New tool seeks to answer the question: can an organic chemist’s intuition be quantified?

Organic synthesis is often heralded as more art than science. An organic chemist’s eye for complexity, breaking down structures into simpler forms, is honed and nurtured over decades. But, is it possible to take this seemingly intangible skill and quantify it, putting a simple number on how complex a chemical structure actually is? 

Process chemists Martin Eastgate and Jun Li, at Bristol-Myers Squibb (BMS) in the US have developed a tool to do just that, generating a unique index they have termed a molecule’s ‘current complexity’, which also accounts for changes over time due to the impact of new technologies.1

According to Eastgate, the idea for the tool was born out of their recent attempts to synthesise JAK2 inhibitor BMS-911543. A new transformation radically changed their ability to prepare the compound, enabling an eight rather than 19 step synthesis.2 ‘When I reflected on what we had achieved, the molecule no longer looked as tough as it once had,’ says Eastgate. ‘The beauty of the structure remained, but my perception of the challenge it posed had altered.’

The index is based on a community's perception of complexity, within the context of current technology

This led to an interest in understanding how the process of making molecules at BMS had evolved and how process advances had made structures simpler. ‘It was clear that no one could address these questions accurately, so we decided to approach this problem ourselves,’ says Eastgate.
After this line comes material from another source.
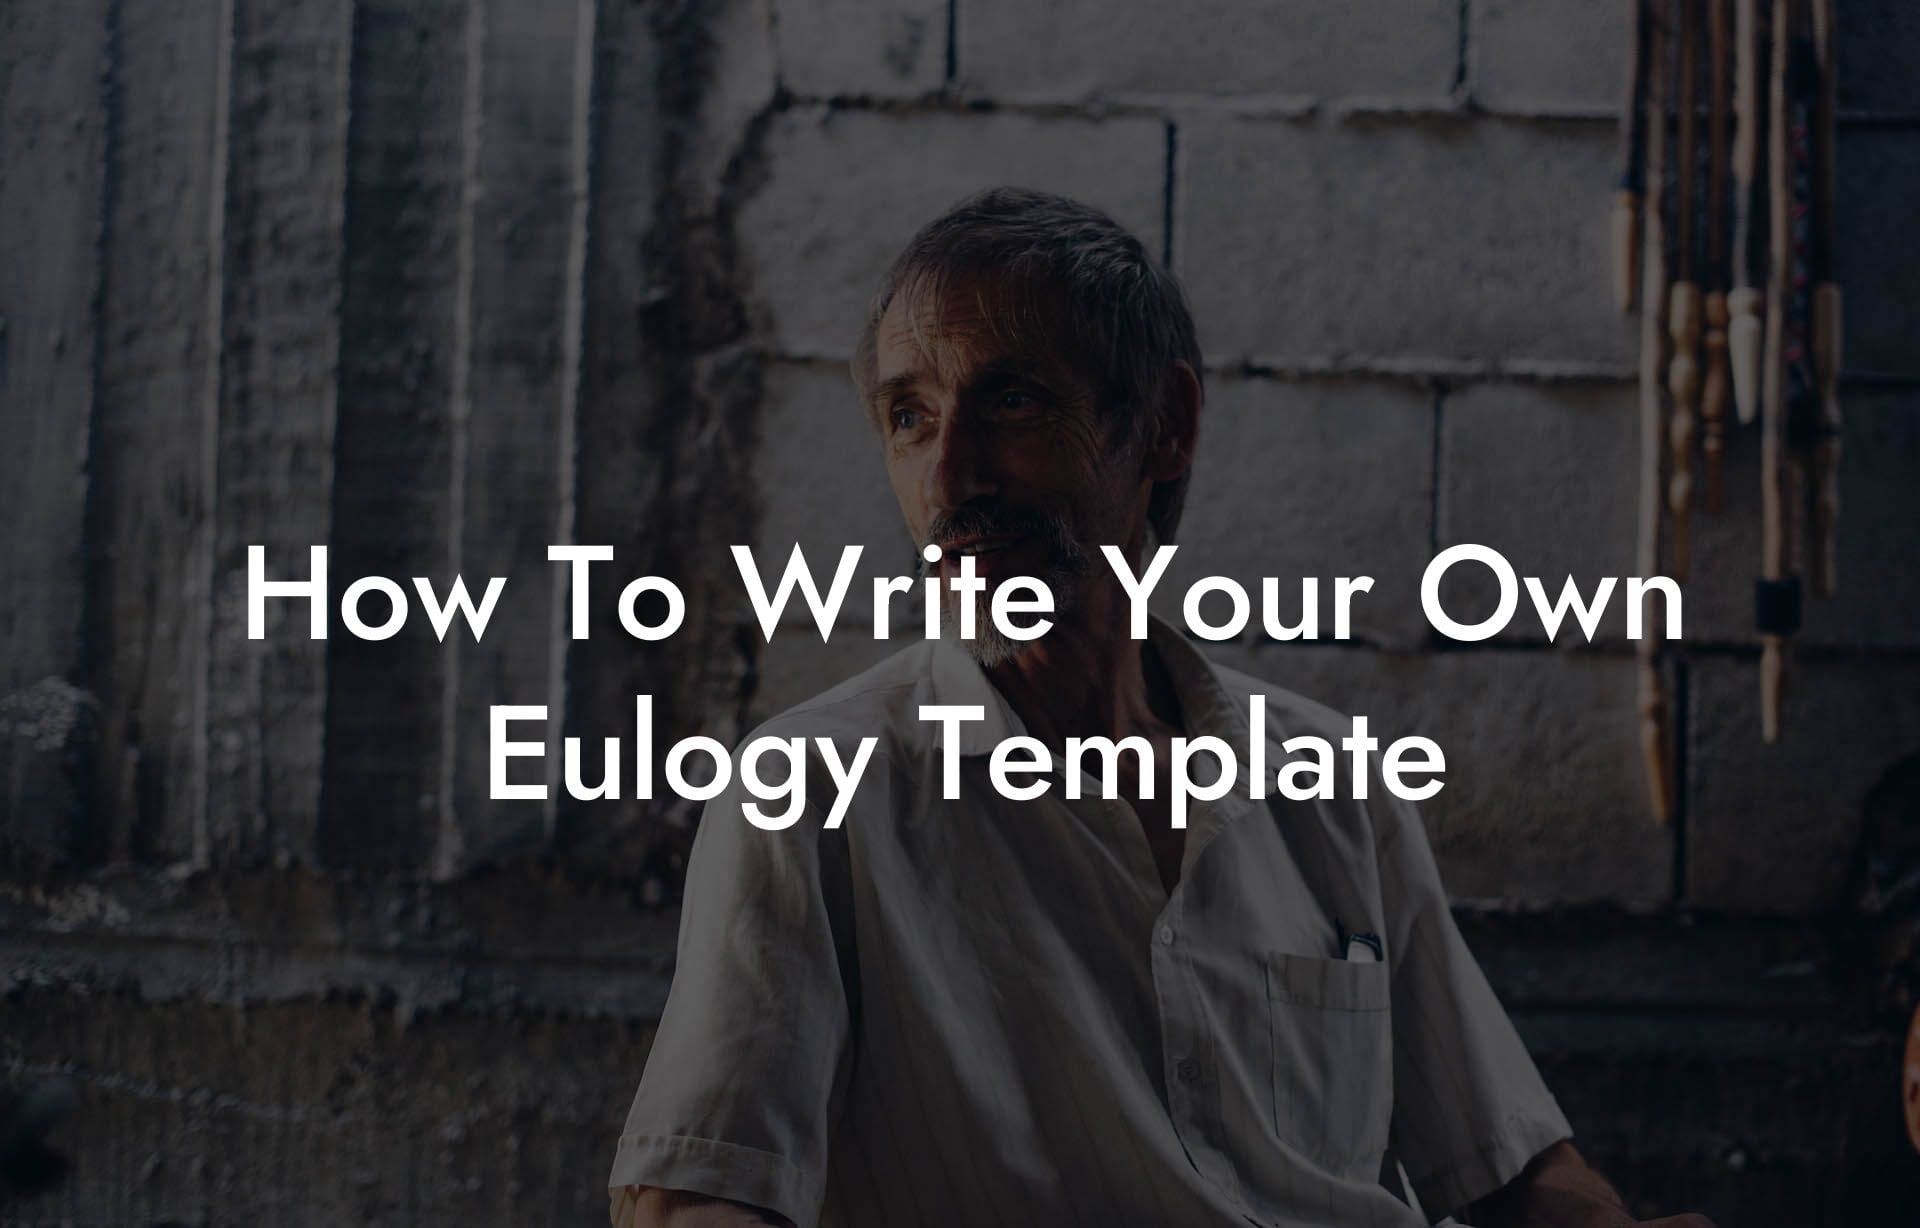 How To Write Your Own Eulogy Template

The ensuing research resulted in the current complexity index, which was based on an analysis of collective intelligence from a group of 18 synthetic chemists asked to rank 40 molecules in terms of their perceived complexity. The data obtained from the chemist’s intuition was then refined by considering a large series of intrinsic and extrinsic factors and applying a Bayesian regression model to determine the five major factors that impacted the complexity of a structure the most. These are as follows: (i) the structure’s molecular topological index (as proposed by Randic);3 (ii) the number of stereogenic centres established in the synthesis; (iii) the number of heteroatoms on and in aromatic rings; (iv) the number of steps and (v) ideality of the route (as defined by Phil Baran in 2010).4 (i) and (iii) are intrinsic and unchangeable, whereas the others are extrinsic variables reflecting advances that occur over time. From this was established an easily comprehensible 1–10 rating scale, with 1 being the most complex and 10 being least complex.
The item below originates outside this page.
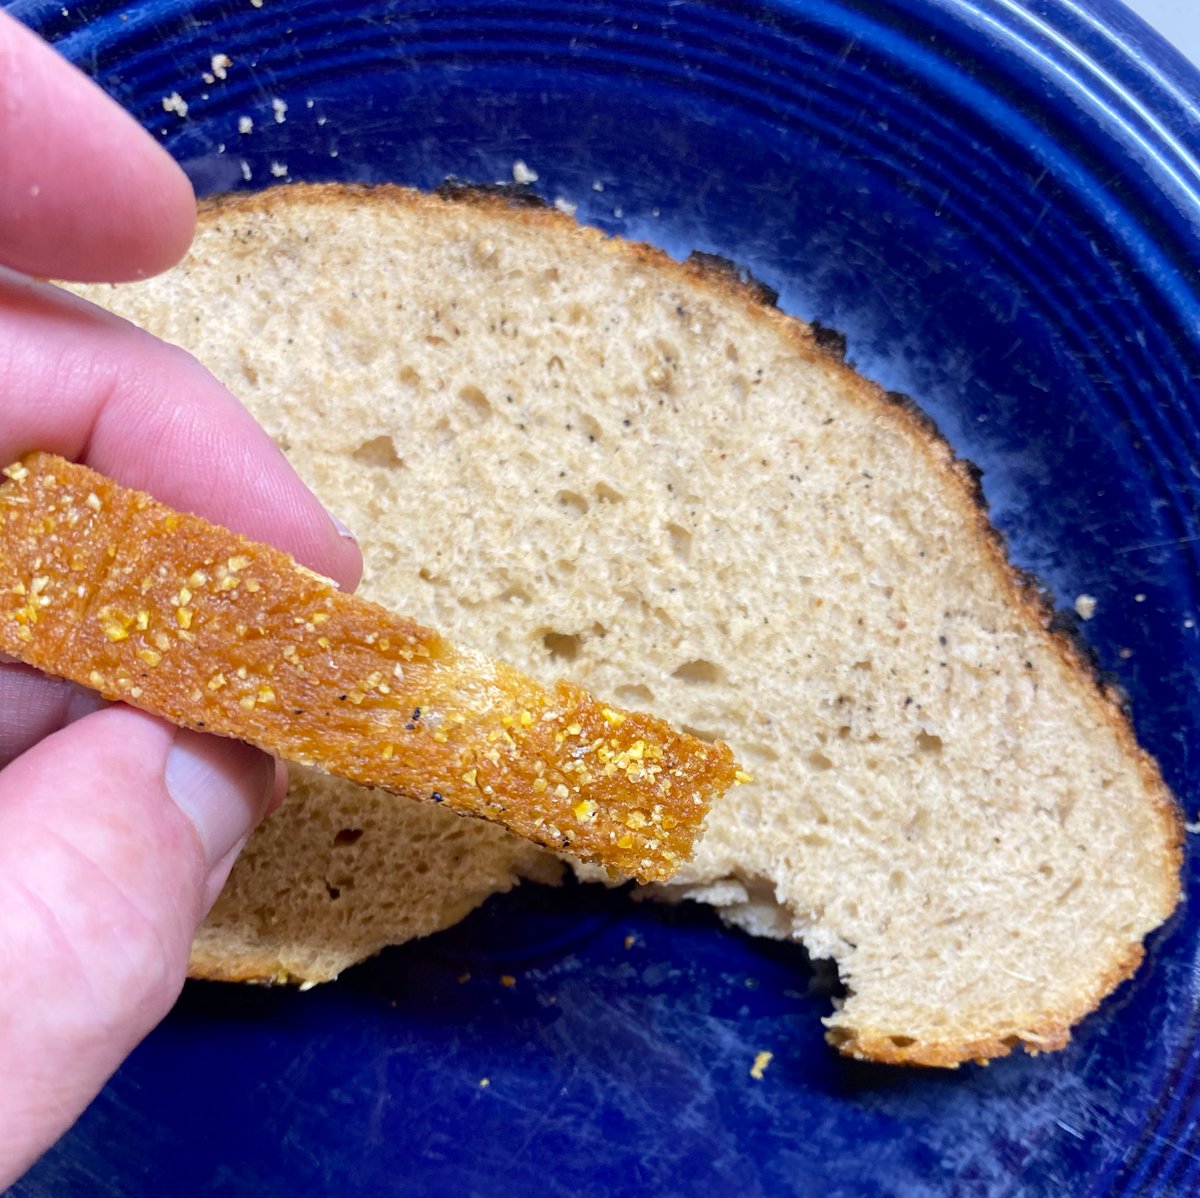 Today I achieved* something that I’ve been trying to do for a year. The slice of bread here was made with leavening cultures sampled from ancient Egyptian baking vessels, using ancient Emmer wheat, with an ancient Egyptian recipe, using ancient Egyptian baking tools, and NO OVEN.

Strychnine has become easier to make over time

As an example, Eastgate and Li examined strychnine. Their current complexity index illustrated how advances in techniques and technologies have reduced the complexity of strychinine from a score of 2.14, for Robert Woodward’s original synthesis,5 to 3.75, for Chris Vanderwal’s in 2011.6

Convincing the community

The idea of trying to assign the complexity of a molecular structure a number has been around for some time with chemistry titans such as Robert Woodward and EJ Corey failing to find a suitable solution. As pointed out by Johann Gasteiger, an expert in cheminformatics at the University of Erlangen-Nürnberg, Germany, ‘even with the advent of computers, no system has found broad acceptance among the organic community’. Gasteiger feels the reasons for this are manifold, but not least because of community resistance as many organic chemists consider ‘synthesis design as an “art” where computers should not have a place’.

This view is backed by organic chemist Scott Snyder of the Scripps Research Institute, in the US, who says ‘it could be compared to deciding which painting is superior or which piece of music is more pleasing to the ear.’ However, Gasteiger surmises that, looking at the large, distribution of merit values assigned by the chemists, even within Li and Eastgate’s study to the same molecule, it clearly shows that a more ‘unbiased approach to the definition of the complexity of organic molecules is urgently needed.’

Eastgate is convinced that this model is on its way to meeting this need because unlike previous efforts, such as that of Peter Ertl and Ansgar Schuffenhauer,7 the concept of current complexity actually accounts for our perception of complexity not being totally fixed over time. It’s this aspect that appeals most to Snyder as he feels it ‘allows for the inclusion of advances in the field, something which past approaches have not considered or handled with particular aplomb.’

The assessment tool is still in its early stages of development and currently only stands as a proof-of-method. ‘It would be fantastic to develop a web based game as a ranking mechanism,’ says Eastgate ‘increasing both the number of raters and the molecules assessed would improve the quality of our model.’

The tool is already in use at BMS, but the ultimate aim would be to incorporate this method into a synthetic route design engine to assess the potential impact a proposed synthetic approach could have on the complexity of the system in question. 

Accounting for the passage of time may be what makes this model unique. And as Snyder points out time will also evaluate the model’s usefulness, ‘but for now it is a provocative and interesting method of assessment of complexity.’